Sur les frais liés au litige :

  1. L'Etat n'étant pas, dans la présente instance, partie perdante, les conclusions présentées par les requérants au titre des dispositions de l'article L. 761-1 du code de justice administrative sont rejetées.

D E C I D E :

Article 1er : La requête de M. et Mme C est rejetée.

Article 2 : Le présent jugement sera notifié à M. B C, Mme D E épouse C et à la ministre de l'éducation nationale.

Copie en sera transmise, pour information, à la rectrice de l'académie de Besançon.

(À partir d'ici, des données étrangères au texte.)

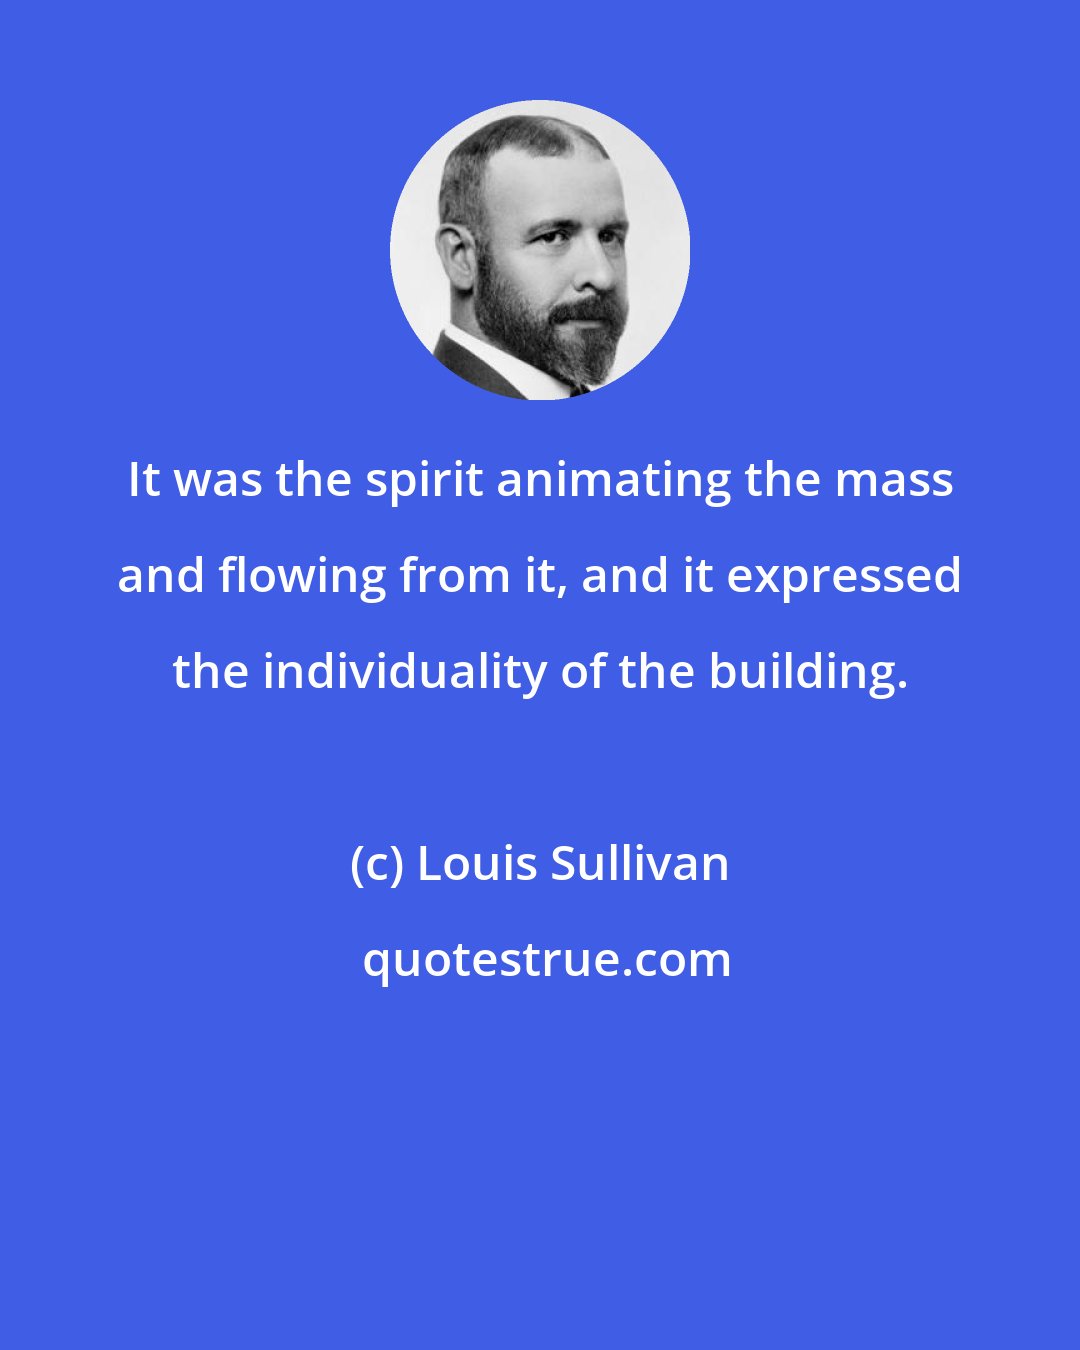 Louis Sullivan: It was the spirit animating the mass and flowing from it, and it expressed the individuality of the building.

Délibéré après l'audience du 15 octobre 2024, à laquelle siégeaient :

  • Mme Michel, présidente ;

  • Mme Goyer-Tholon, conseillère ;

  • Mme Kiefer, conseillère.

Rendu public par mise à disposition au greffe le 12 novembre 2024.

La rapporteure,

C. Goyer-Tholon

La présidente,

F. MichelLa greffière,

E. Cartier

La République mande et ordonne à la ministre de l'éducation nationale, en ce qui la concerne, ou à tous commissaires de justice à ce requis en ce qui concerne les voies de droit commun contre les parties privées, de pourvoir à l'exécution de la présente décision.